Adduct Detection#
In mass spectrometry it is crucial to ionize analytes prior to detection, because they are accelerated and manipulated in electric fields, allowing their separation based on mass-to-charge ratio. This happens by addition of protons in positive mode or loss of protons in negative mode. Other ions present in the buffer solution can ionize the analyte as well, e.g. sodium, potassium or formic acid. Depending on the size and chemical compsition, multiple adducts can bind leading to multiple charges on the analyte. In metabolomics with smaller analytes the number of charges is typically low with one or two, whereas in proteomics the number of charges is much higher. Furthermore, analytes can loose functional groups during ionization, e.g. a neutral water loss. Since the ionization happens after liquid chromatography, different adducts for an analyte have similar retention times.

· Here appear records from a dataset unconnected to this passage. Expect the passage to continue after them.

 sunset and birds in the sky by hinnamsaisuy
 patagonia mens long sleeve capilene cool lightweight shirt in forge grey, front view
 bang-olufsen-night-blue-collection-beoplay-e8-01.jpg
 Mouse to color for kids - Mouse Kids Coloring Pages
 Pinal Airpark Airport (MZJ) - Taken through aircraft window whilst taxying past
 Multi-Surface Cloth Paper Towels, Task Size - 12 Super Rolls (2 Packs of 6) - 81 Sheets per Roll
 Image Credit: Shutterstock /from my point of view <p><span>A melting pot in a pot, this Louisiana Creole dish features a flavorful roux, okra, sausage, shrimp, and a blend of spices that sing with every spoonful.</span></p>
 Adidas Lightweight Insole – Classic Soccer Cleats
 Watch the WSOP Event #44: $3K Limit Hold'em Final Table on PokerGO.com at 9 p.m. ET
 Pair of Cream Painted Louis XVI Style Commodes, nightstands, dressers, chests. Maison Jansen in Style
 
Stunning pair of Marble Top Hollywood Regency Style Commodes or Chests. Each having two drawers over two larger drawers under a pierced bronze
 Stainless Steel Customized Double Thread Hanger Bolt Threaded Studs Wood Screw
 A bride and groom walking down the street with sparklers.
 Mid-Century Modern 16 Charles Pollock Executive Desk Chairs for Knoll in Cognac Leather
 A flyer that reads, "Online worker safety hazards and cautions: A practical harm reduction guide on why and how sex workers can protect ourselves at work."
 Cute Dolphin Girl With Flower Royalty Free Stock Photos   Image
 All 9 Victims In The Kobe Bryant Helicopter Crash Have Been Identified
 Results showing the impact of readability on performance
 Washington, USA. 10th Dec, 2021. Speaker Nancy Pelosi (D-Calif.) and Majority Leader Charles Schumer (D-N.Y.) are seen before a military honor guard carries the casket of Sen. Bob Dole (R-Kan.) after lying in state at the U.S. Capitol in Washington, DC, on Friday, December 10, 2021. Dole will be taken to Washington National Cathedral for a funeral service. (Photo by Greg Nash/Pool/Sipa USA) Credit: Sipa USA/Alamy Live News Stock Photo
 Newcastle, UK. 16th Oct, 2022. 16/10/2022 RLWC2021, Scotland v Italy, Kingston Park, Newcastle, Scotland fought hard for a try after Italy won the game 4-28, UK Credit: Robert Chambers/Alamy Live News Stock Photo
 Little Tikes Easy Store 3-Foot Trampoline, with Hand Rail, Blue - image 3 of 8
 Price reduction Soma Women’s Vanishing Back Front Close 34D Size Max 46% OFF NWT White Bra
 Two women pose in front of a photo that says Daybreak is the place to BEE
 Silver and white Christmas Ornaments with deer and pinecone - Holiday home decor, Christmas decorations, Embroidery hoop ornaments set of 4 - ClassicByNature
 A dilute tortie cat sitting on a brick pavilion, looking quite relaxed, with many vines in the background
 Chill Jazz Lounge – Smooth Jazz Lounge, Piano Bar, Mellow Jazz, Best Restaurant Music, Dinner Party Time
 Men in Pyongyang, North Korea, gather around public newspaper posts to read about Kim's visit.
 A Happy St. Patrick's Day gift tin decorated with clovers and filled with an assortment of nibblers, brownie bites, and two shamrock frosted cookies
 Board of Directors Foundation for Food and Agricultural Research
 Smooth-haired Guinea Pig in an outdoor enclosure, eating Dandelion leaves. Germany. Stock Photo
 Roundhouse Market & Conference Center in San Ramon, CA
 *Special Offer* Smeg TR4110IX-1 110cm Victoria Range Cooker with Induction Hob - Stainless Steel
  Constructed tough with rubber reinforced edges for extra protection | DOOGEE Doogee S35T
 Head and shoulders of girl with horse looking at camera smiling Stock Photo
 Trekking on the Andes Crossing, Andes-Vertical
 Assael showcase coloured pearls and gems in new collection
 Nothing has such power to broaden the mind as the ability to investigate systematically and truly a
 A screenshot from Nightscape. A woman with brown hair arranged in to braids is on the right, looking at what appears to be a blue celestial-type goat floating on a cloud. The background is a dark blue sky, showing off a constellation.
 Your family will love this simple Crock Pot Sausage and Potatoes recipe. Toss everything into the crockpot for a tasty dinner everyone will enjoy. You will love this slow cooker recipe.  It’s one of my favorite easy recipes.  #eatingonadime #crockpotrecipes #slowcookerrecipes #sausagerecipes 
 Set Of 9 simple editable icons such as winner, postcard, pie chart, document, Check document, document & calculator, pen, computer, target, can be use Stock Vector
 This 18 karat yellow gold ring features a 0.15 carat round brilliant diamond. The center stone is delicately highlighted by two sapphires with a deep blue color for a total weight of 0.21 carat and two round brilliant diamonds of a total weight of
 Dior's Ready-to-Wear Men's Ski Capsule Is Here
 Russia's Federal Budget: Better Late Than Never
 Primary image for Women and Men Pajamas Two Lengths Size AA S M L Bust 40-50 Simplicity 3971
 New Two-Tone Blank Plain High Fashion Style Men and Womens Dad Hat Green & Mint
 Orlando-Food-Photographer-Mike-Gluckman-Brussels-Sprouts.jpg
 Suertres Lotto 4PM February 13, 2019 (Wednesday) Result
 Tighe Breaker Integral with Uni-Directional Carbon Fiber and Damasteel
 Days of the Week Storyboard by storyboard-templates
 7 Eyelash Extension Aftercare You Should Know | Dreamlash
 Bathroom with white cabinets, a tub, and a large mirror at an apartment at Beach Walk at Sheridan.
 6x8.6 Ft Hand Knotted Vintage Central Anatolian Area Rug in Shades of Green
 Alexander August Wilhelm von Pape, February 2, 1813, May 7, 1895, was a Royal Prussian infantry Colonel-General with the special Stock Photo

In pyOpenMS, MetaboliteFeatureDeconvolution takes a feature map as input adding adduct information as additional meta values. Features belonging to an adduct group will be stored in a consensus map. The most important parameters are explained in the comments.
from urllib.request import urlretrieve
import pyopenms as poms
# get example data file with metabolmics feature map
gh = "https://raw.githubusercontent.com/OpenMS/pyopenms-docs/master"
urlretrieve(gh + "/src/data/MetaboliteFeatureDeconvolution_input.featureXML", "example.featureXML")
# open example input feature map
feature_map = poms.FeatureMap()
poms.FeatureXMLFile().load("example.featureXML", feature_map)
# initialize MetaboliteFeatureDeconvolution
mfd = poms.MetaboliteFeatureDeconvolution()
# get default parameters
params = mfd.getDefaults()
# update/explain most important parameters
# adducts to expect: elements, charge and probability separated by colon
# the total probability of all charged adducts needs to be 1
# e.g. positive mode:
# proton dduct "H:+:0.6", sodium adduct "Na:+:0.4" and neutral water loss "H-2O-1:0:0.2"
# e.g. negative mode:
# with neutral formic acid adduct: "H-1:-:1", "CH2O2:0:0.5"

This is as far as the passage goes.